Вражда - Белаш Александр Маркович


Людмила и Александр Белаш

Вражда

Leicht aufzuritzen ist das Reich der Geister;

Sie liegen wartend unter dünner Decke

Und, leise hörend, stürmen sie herauf.

Schiller

Царство духов где-то рядом - только руку протяни;

Под тончайшим покрывалом притаилися они,

Но внезапно, словно буря, налетают, атакуя.

Шиллер

В «Одеоне» мсье Оффенбах дирижировал представлением «Прекрасной Елены», услаждая цвет маэнской публики своим волшебным мастерством. А как его встречали. Редкий индийский раджа столь величаво и торжественно возвращается с охоты на тигров - море живых цветов на вокзале, духовой оркестр кадетов мореходной школы! Целая процессия кабриолетов и колясок сопровождала маэстро до гостиницы.

О, в Маэне умеют принимать высоких гостей. И гонорары здесь солидные. Королевский золотой талер уважаем всюду, куда доплыли корабли цивилизованных наций и куда долетели снаряды их орудий, посланные меткими бестрепетными комендорами. Говорят, что дирекция «Одеона» намерена пригласить божественную Аделину Патти, а может быть, самого синьора Верди для постановки «Травиаты». Через год здесь зазвучит сопрано виртуозной итальянки, и мы увидим ее в роли Виолетты! или Верди покажет нам «Аиду»?., от предвкушения захватывает дух. Пока утешимся парижской опереттой и веселенькими водевильчиками Поль де Кока.

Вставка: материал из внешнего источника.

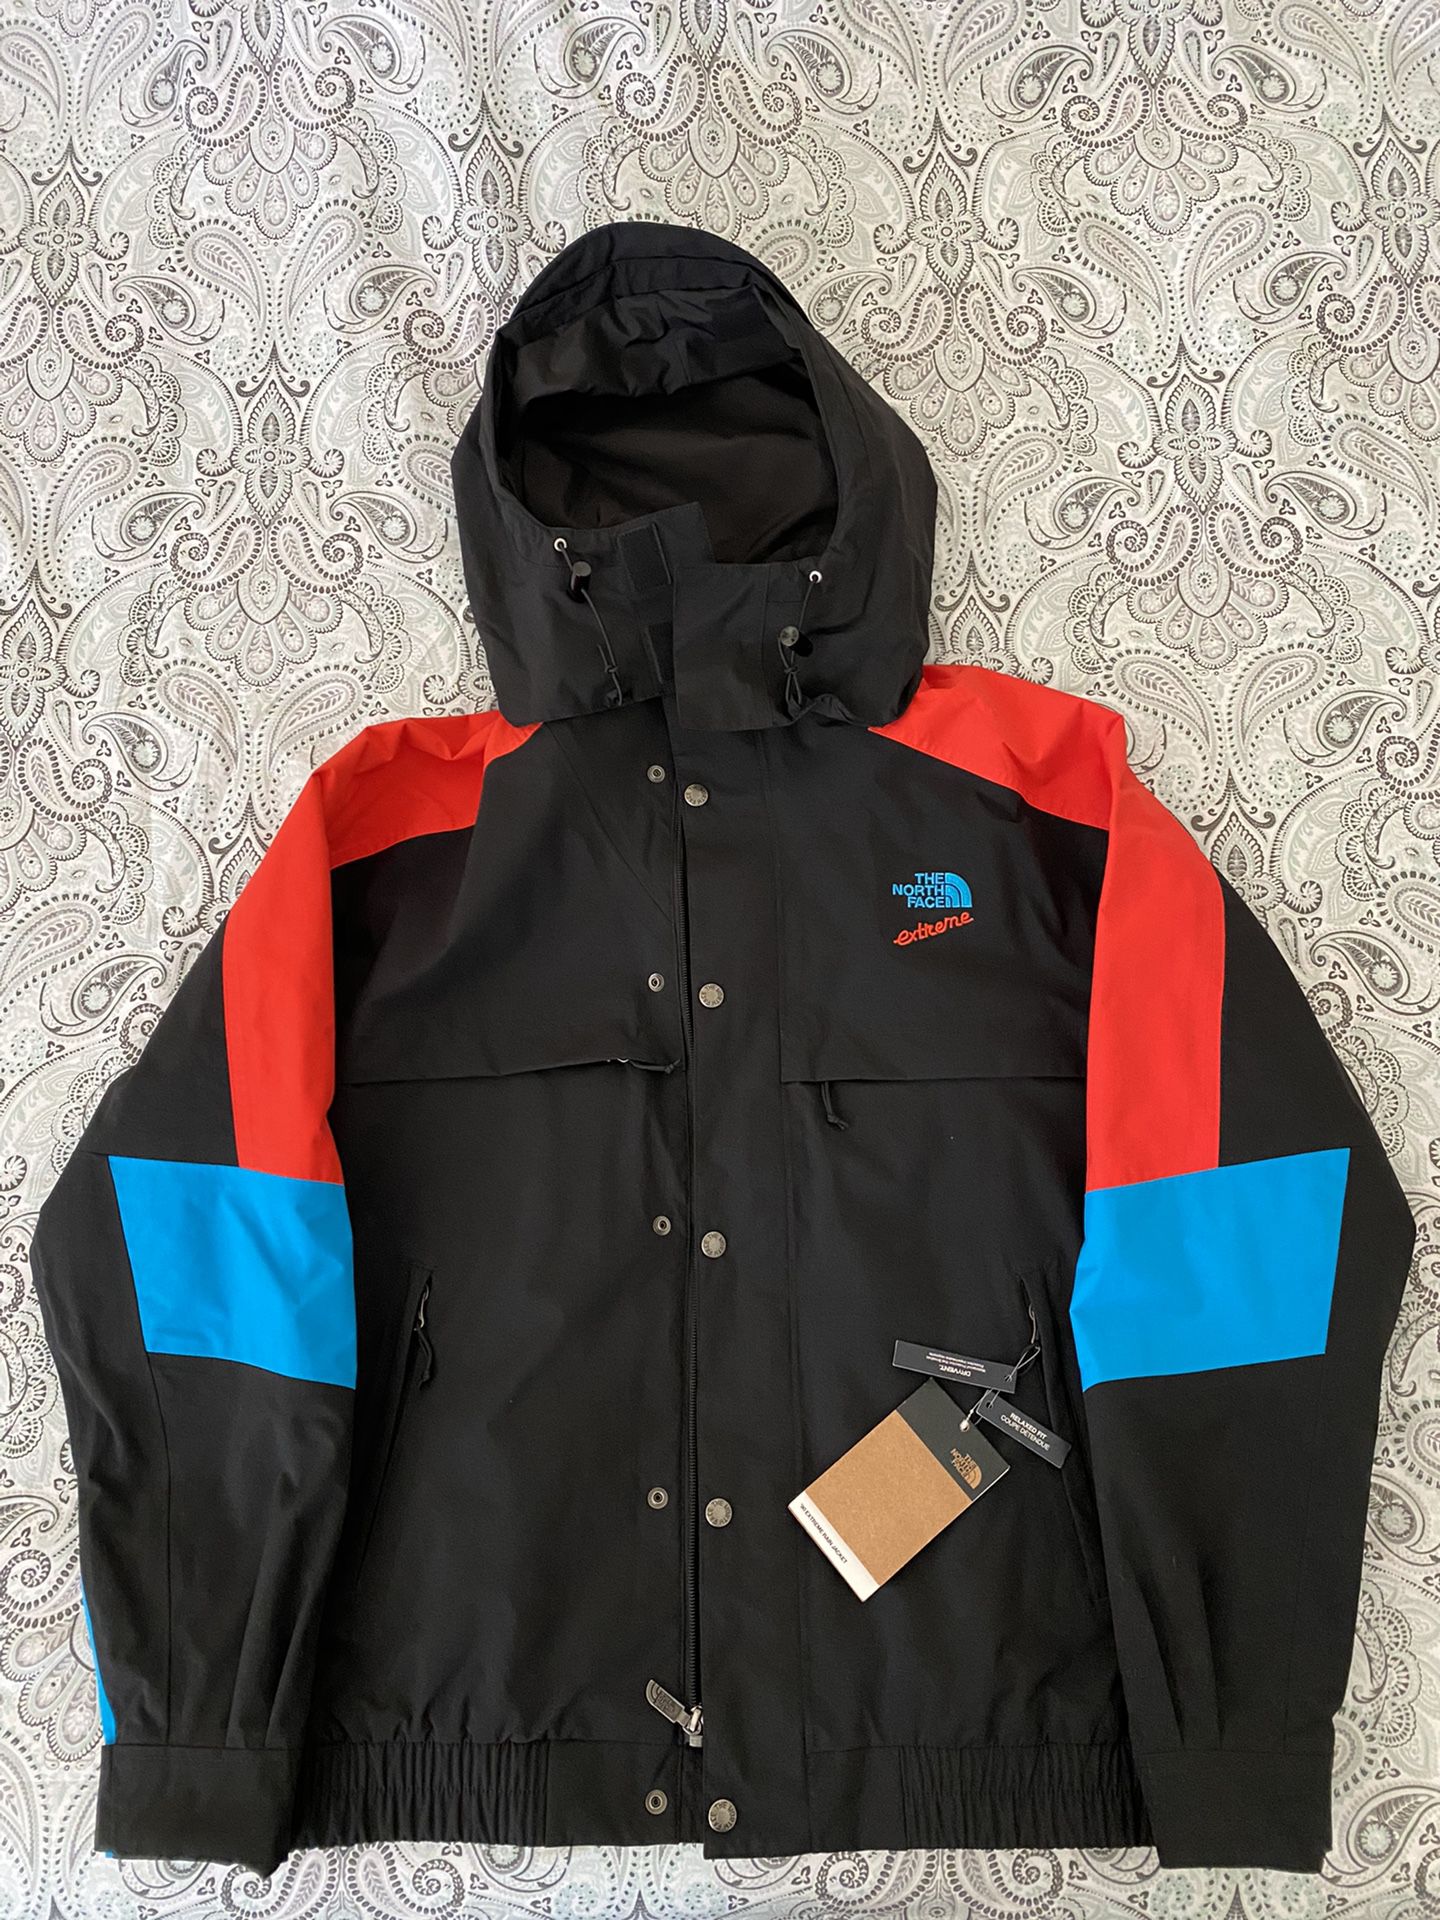 North Face 90’ Extreme Rain Jacket Size Small

Гертье через театральный бинокль изучал ножки Елены. За этими тряпками ни черта не разглядишь. Какая-то новенькая этуаль, содержанка Рахмана. В каком притоне Рахман ее отыскал? Златокудрая, как же… сорвать парик - окажется чернявой. Гертье взглянул в программку - «сьорэнн Мальвина Хансен». Лоретки и камелии - через одну Мальвины.

- Он прятал ее у себя в поместье, - скабрезно нашептывал тем временем всезнайка Бабель, наклонившись к уху младшего приятеля. - Начинала на острове Свейн, шоколадницей, потом позировала в Академии искусств самому…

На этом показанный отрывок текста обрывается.